Back when I was 229 Team Leader, I got a random email from some mathematician out to prove that dividing something by zero actually equaled zero.

http://members.lycos.co.uk/zerobyzero/

It's pretty weird.
It was definitely strange to get an email from him, apparently he just searched the net randomly for people to hear his theory, and our team name ("Division by Zero") led him to me.

[Jeremy_Mc]

Quote:

Originally Posted by JVN

Back when I was 229 Team Leader, I got a random email from some mathematician out to prove that dividing something by zero actually equaled zero.

http://members.lycos.co.uk/zerobyzero/

It's pretty weird.
It was definitely strange to get an email from him, apparently he just searched the net randomly for people to hear his theory, and our team name ("Division by Zero") led him to me.

Haha that site makes me laugh...

Some of the theories on there are cool...but most of them are just kind of strange. He really likes the number zero...

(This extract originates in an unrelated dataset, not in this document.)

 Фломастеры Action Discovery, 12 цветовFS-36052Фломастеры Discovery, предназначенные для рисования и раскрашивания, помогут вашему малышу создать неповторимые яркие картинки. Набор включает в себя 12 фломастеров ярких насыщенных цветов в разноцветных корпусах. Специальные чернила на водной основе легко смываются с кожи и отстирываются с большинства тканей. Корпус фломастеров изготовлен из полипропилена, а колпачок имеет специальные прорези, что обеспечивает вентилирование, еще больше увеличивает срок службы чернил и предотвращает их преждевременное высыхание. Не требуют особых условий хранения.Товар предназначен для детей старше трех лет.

His samples really don't add up to me, though.

Ex:

(1/2) / (0/2) = (1/2) * (2/0) = 0

You can't divide something into portions of zero! I know he's using the basis of cross multiplication but yeah...it's still wrong.

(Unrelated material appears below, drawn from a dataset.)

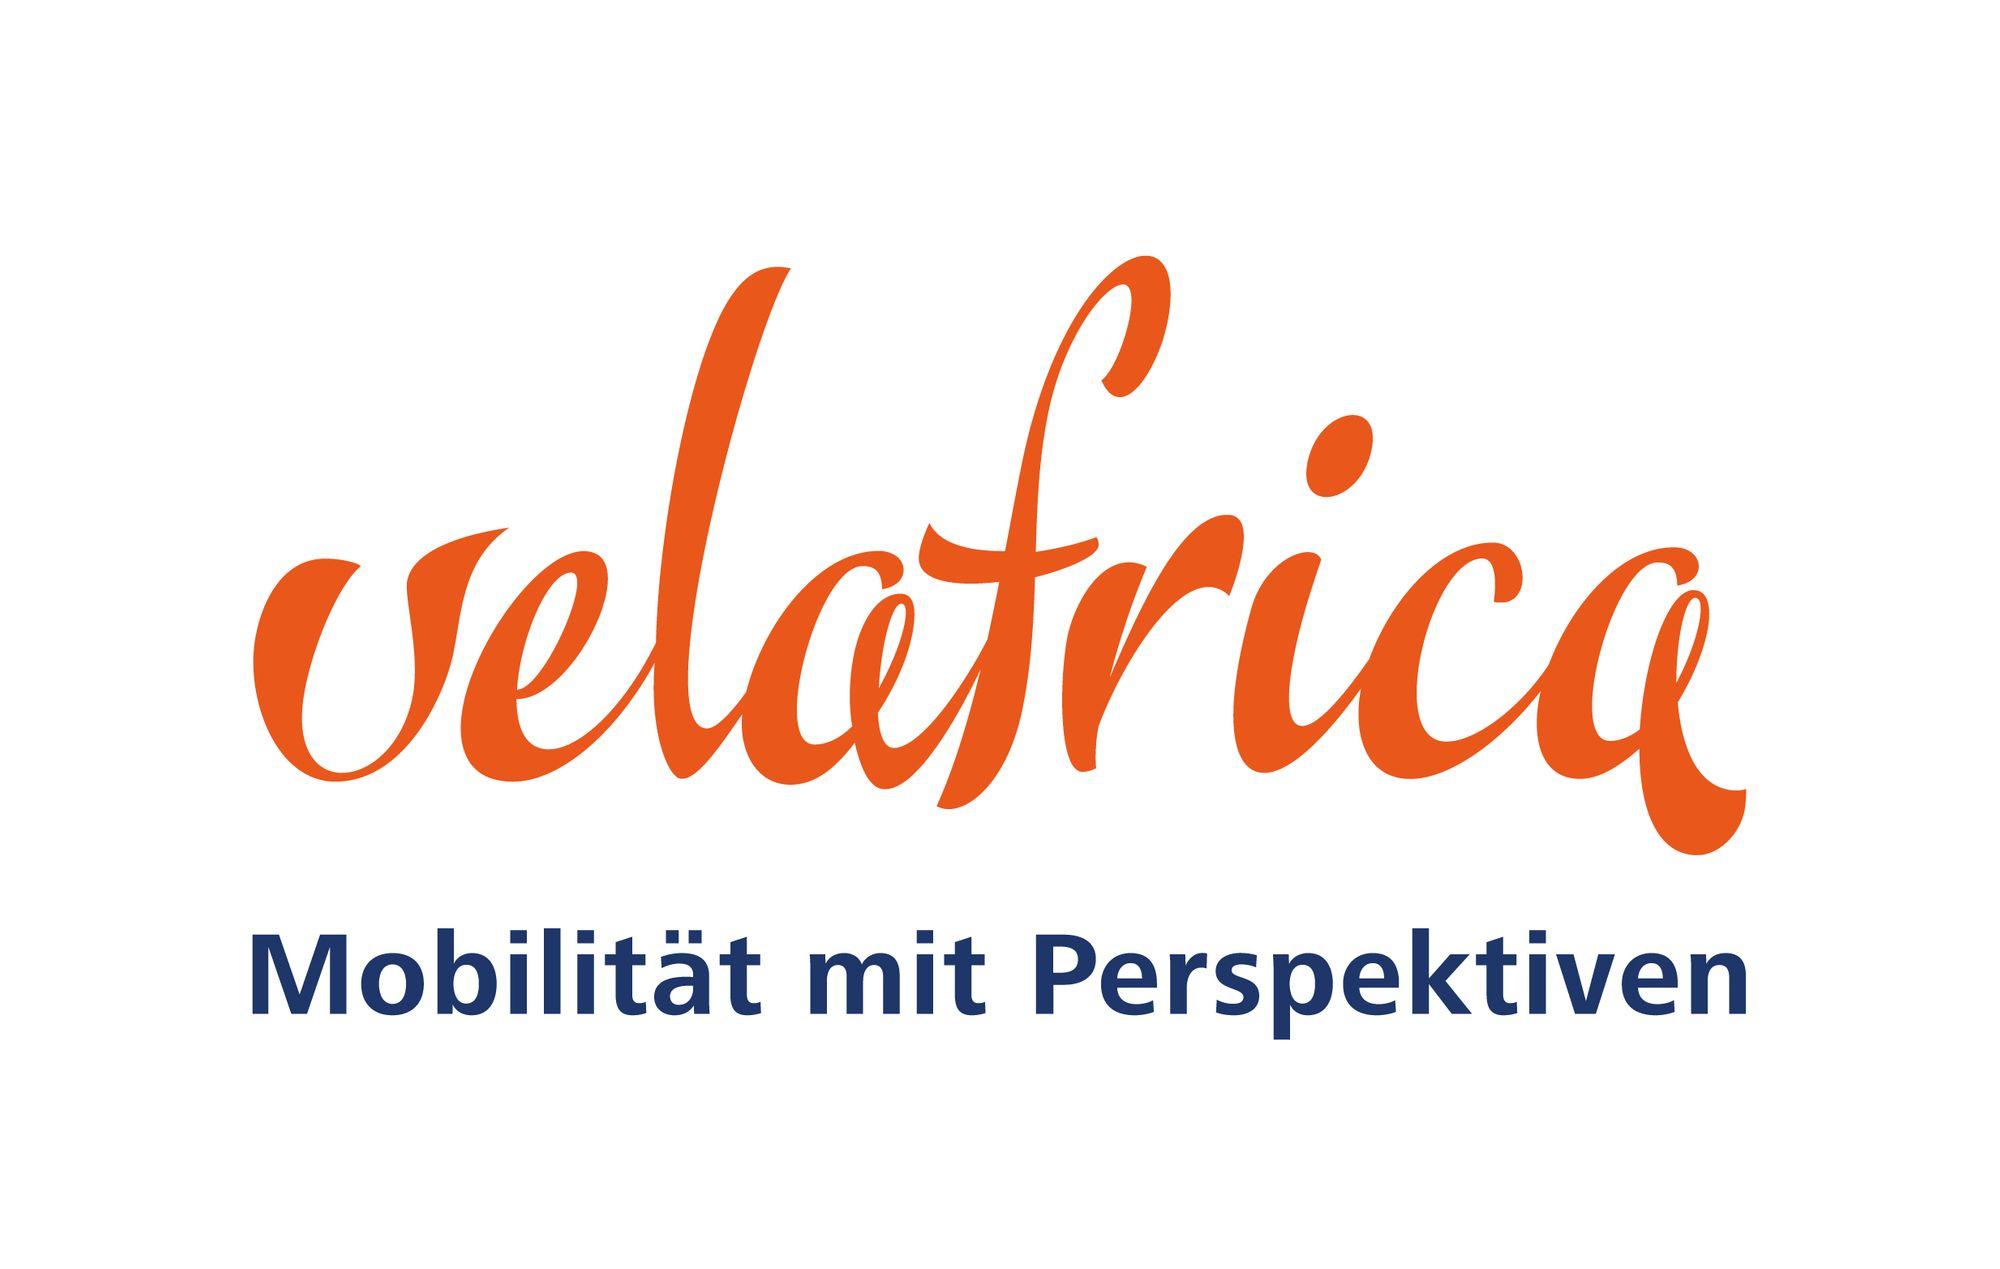 Lazer unterstützt Velafrica Helm kaufen, Gutes tun!

Back to the topic at hand, the last proposed proof (the e^x one) has officially blown my mind. I think it's time for a cookie.

[Grommit]

Mathematicians would agree that .999... and 1 represent the same real number. In fact, from my real analysis book, "Elementary Analysis" by Kenneth Ross, it says:
[short proof, similar to above]
"Thus 0.9999... and 1.0000... are different decimal expansions that represent the same real number!"
Later on the book proves that the only case where this can occur is when the two expansions for the same real number end in an infinite series of nines and infinite series of zeros.

[n00b]

Quote:

Originally Posted by dk5sm5luigi

How about this proof:

given: e^(i * pi) = -1

e^(3 * i * pi) = e^(i * pi) * e^(i * pi) * e^(i * pi) = -1 * -1 * -1 = -1

therefore:
e^(i * pi) = e^(3 * i * pi)

ln e^(i * pi) = ln e^(3 * i * pi)

(i * pi) ln e = (3 * i * pi) ln e

i * pi = 3 * i * pi

1 = 3

major probelm: you cannot take the ln of a negative number. therefore, the term ln e^(i * pi) cannot exist. i have another one of those phony proofs, its kinda fun:

let a=1, b=1
a = a
a^2 = ab
a^2 - b^2 = ab - b^2
(a + b)(a - b) = b(a - b)
a + b = b
1 + 1 = 1

have fun =D

[n00b]

Quote:

Originally Posted by Solace

while we're bending the rules of mathematics, how about this one?

1 = 1

-1 = -1

-1/1 = -1/1

-1/1 = -1/1(-1/-1)

-1/1 = 1/-1

(-1/1)^.5 = (1/-1)^.5

((-1)^.5) / (1^.5) = (1^.5) / ((-1)^.5)
cross multiply, and you get

((-1)^.5) * ((-1)^.5) = (1^.5) * (1^.5)

-1 = 1

discuss that one why don't ya

square rooting then squaring again cause a loss of information. consider:
x = 3, y = -3
x^2 = y^2
sqrt(x^2) = sqrt(y^2) sqrt = square root of
however, x != y even though sqrt(x^2) = x and sqrt(y^2) = y and sqrt(x^2) = sqrt(y^2).